Итак, существуют некие философские акты, уже содержащиеся в самой культуре научного мышления, которые мы назвали реальной философией. Эта реальная философия является неким мысленным, духовным полем, в котором совершаются акты научного познания, представляющие собой неотъемлемый элемент культуры. (Мы говорим здесь только о европейской культуре и о европейской науке.) Попытаемся теперь более конкретно охарактеризовать понятие реальной философии.
Возьмем, например, тексты Платона. Ясно, конечно, что первое ощущение, возникающее у человека, который не имеет вкуса к философской работе и не знает правил философского языка, его грамматики – это ощущение почти что марсианского характера этих текстов, т. е. как чего-то абсолютно далекого, непонятного. Когда, скажем, Платон пишет о том, что душа, познавая, вспоминает свои прошлые встречи с богом, то это звучит для современного человека (тем более занимающегося наукой) по меньшей мере странно. Он воспринимает это как некий фрагмент мифа, незаконно попавший в философский текст, и считает, что ему там не место. Что его нужно просто отбросить, как брак. Тем более, что для этого уже есть и соответствующее оправдание. Готовые слова, которые рационализируют нашу умственную лень. Например, слово «идеализм» и некоторые другие.
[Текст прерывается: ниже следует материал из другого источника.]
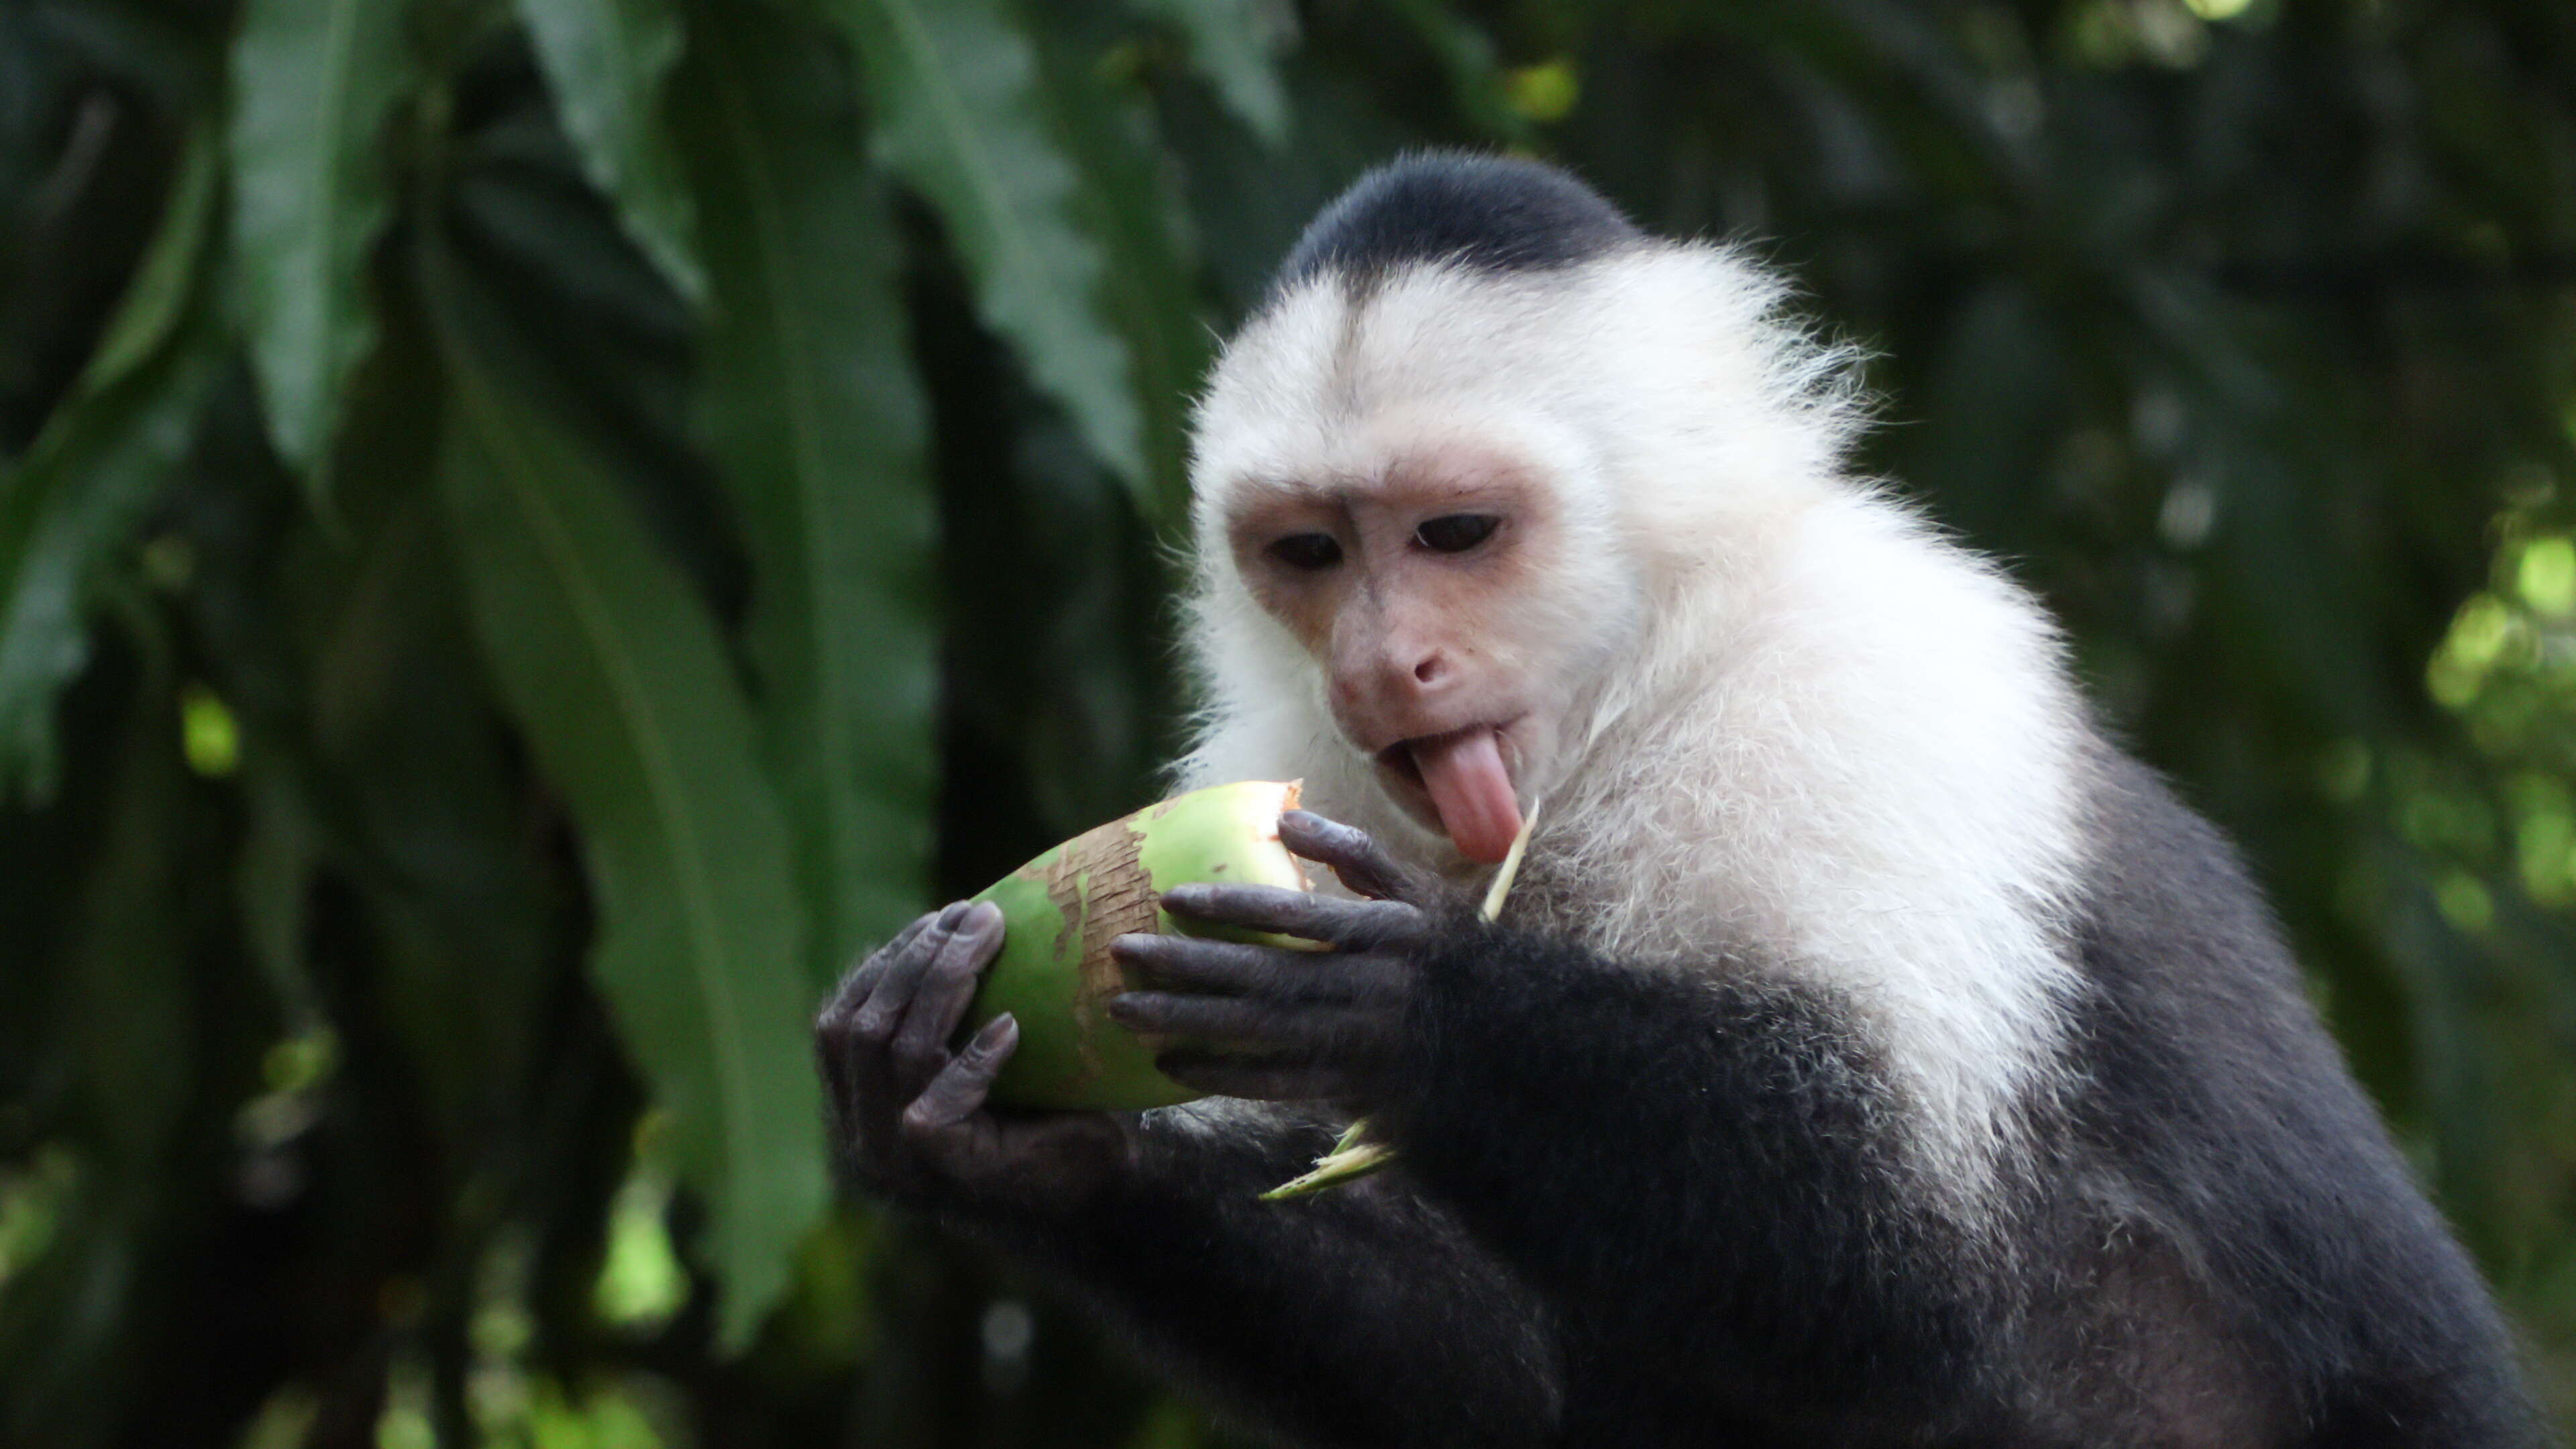 Image of Panama capuchin monkey

Или обратимся к текстам Декарта. При всем уважении к этому великому человеку, который основательно потрудился в науке, разве нас не удивляет такое, например, его заявление, что идеи числа, протяжения, истины, долга являются «врожденными»? Как можно это помыслить? Не может быть, чтобы Декарт писал о том, что нельзя помыслить. Как невозможно, конечно, согласиться в данном случае и с тем, что он якобы учит о врожденности идей в натуральном смысле». Думать подобное о философе такого масштаба, как Декарт, было бы по меньшей мере несправедливо.
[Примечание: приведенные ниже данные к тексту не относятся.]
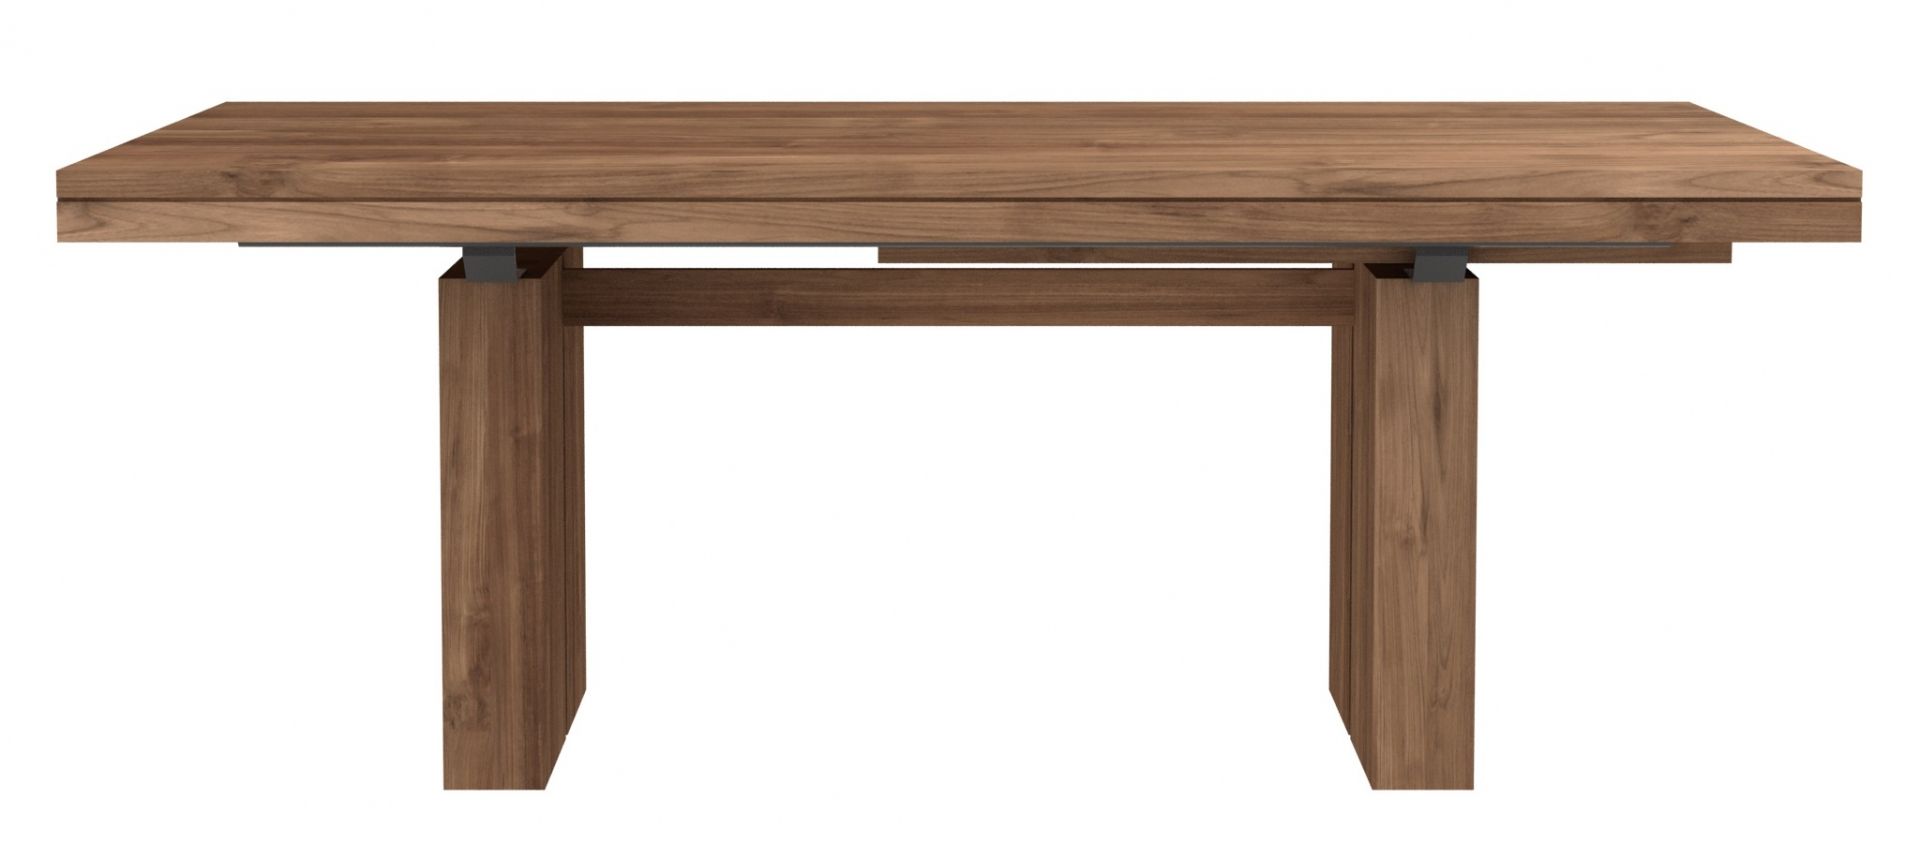 Ethnicraft designové jídelní rozkládací stoly Double Dining Table (200/300 x 100 cm) - DESIGNPROPAGANDA

Но пойдем дальше. А дальше приходит Кант и говорит, что первознанием в системе всех основоположений рассудка является трансцедентальное единство апперцепции, т. е. «я мыслю». Что на этом первознании может и должно быть основано все здание человеческих знаний. Пока все это для нас часть традиции «идеалистического» философствования, которую на известных основаниях мы можем либо легко отбросить, либо не замечать. Но что это значит? При чем здесь реальная философия? Каким образом знание становится знанием? Не оказываемся ли мы здесь, образно говоря, в ситуации мольеровского джентльмена, и не является ли язык Канта или Декарта той же, в сущности, прозой, которой говорим и мы, просто не замечая при этом, что их высказывания гораздо грамотнее, точнее. Приведу пример.
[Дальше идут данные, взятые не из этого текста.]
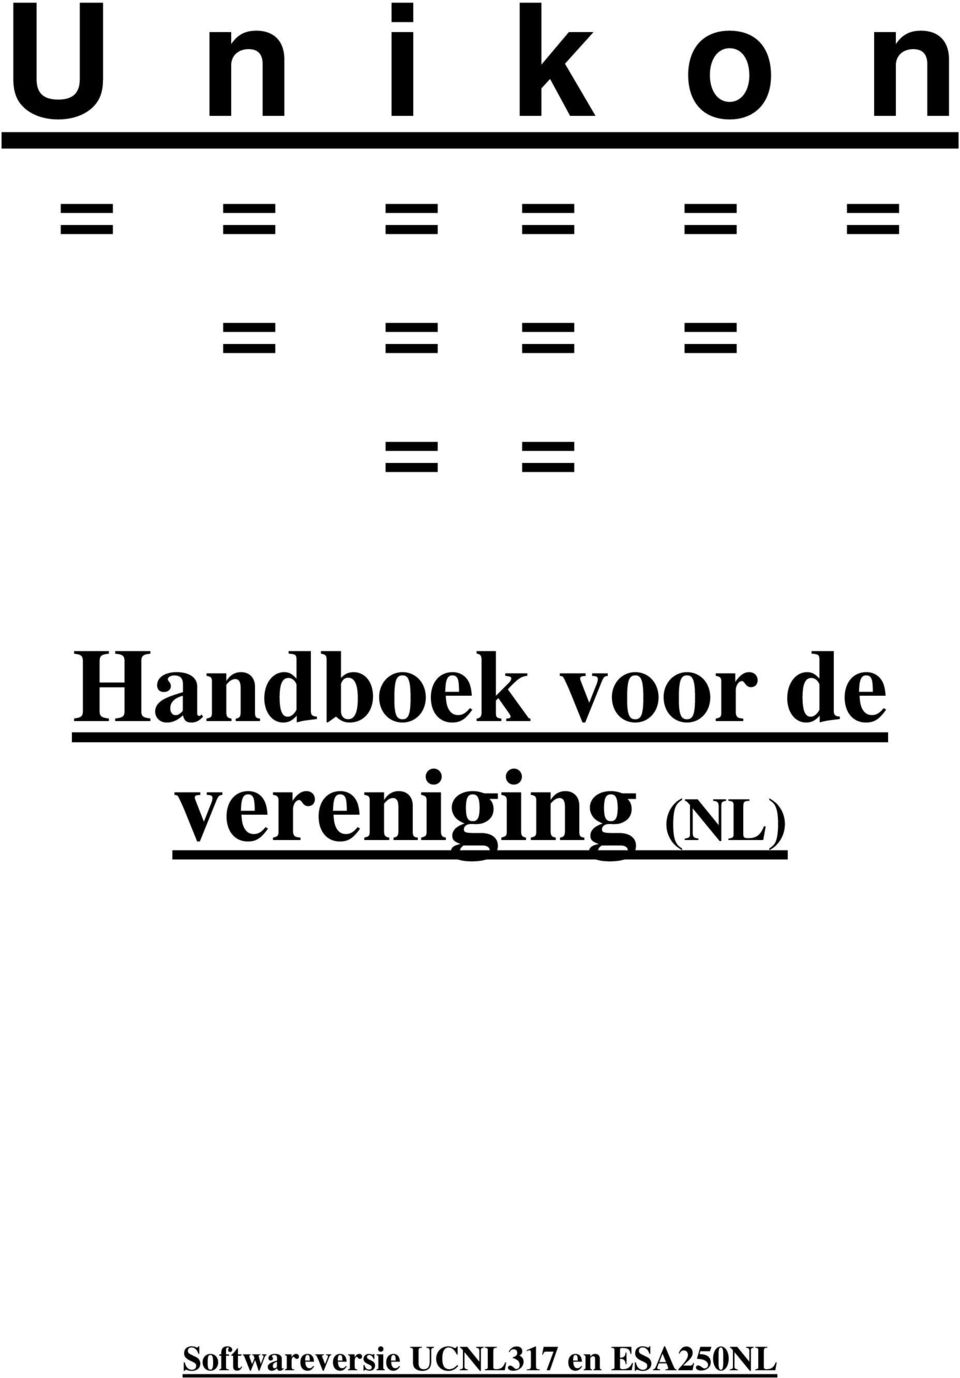 de vereniging (NL)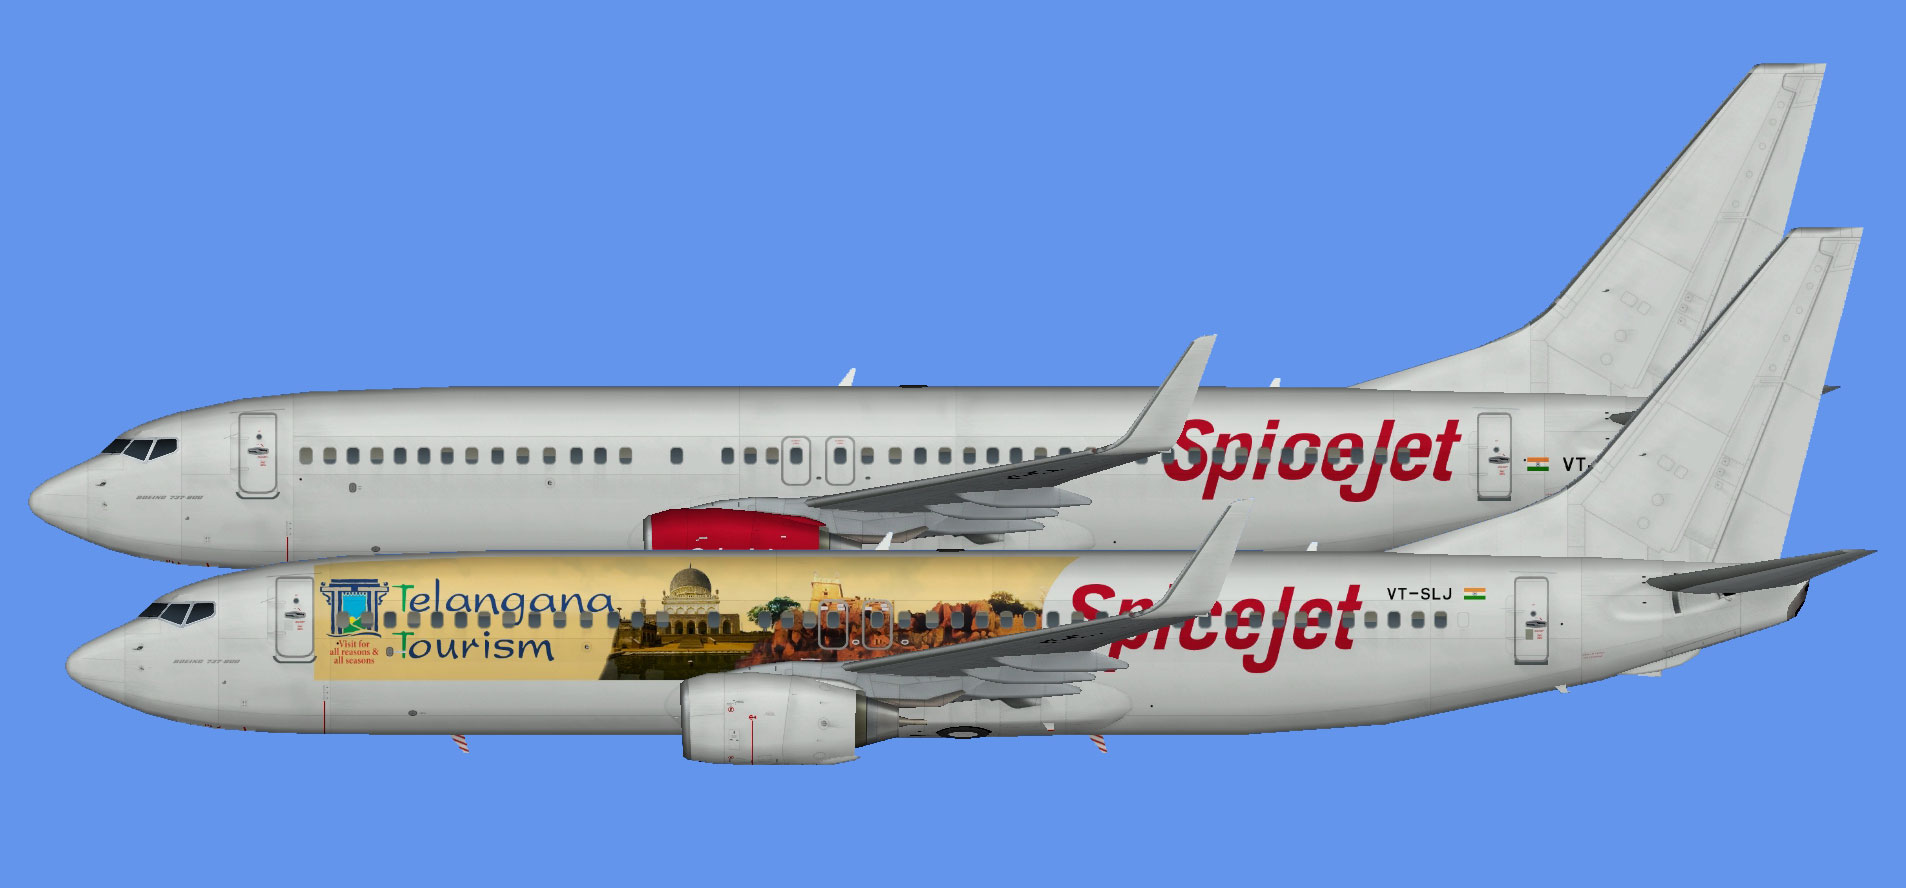 Spicejet 737-800 logojets

В книге английского астронома А. Эддингтона «Теория относительности» (1934) есть, в частности, такое положение. Обсуждая проблему абсолютного времени, он пишет, что это понятие предполагает другое, а именно – понятие «настоящего момента», и содержит в себе следующее допущение, что воспринимаемые нами события происходят в момент их восприятия и наблюдения. Собственно, на основе этого допущения в физике и было выработано представление о некотором едином, охватывающем весь мир времени, некоей координатной сетке момента «теперь». Такое представление о временны́х отношениях предметов, где время стало использоваться в качестве единой, универсальной меры. Однако затем, говорит Эддингтон, физиками было открыто, что скорость распространения света конечна, и, следовательно, может существовать какой-то разрыв во времени между случанием события и его восприятием, наблюдением. Но физики, замечает он, легко обошли эту трудность. Они просто поместили происхождение события в момент, непосредственно предшествующий его наблюдению, сохранив тем самым указанную координатную сет-ку некоторого единого, универсального времени. О чем здесь говорится? Очевидно, о том, что любой акт физического измерения уже имплицирует, включает в себя что-то проделанное и с сознанием. Измеряются события, но в акте измерений уже допущено какое-то решение относительно сознания. Считается, что события происходят в момент их наблюдения, а это предполагает, в свою очередь, допущение определенного свойства сознания. А именно, что «сознание одно». Из этого вырастает представление об абсолютной временной сетке, о моменте «теперь», обнимающем весь мир.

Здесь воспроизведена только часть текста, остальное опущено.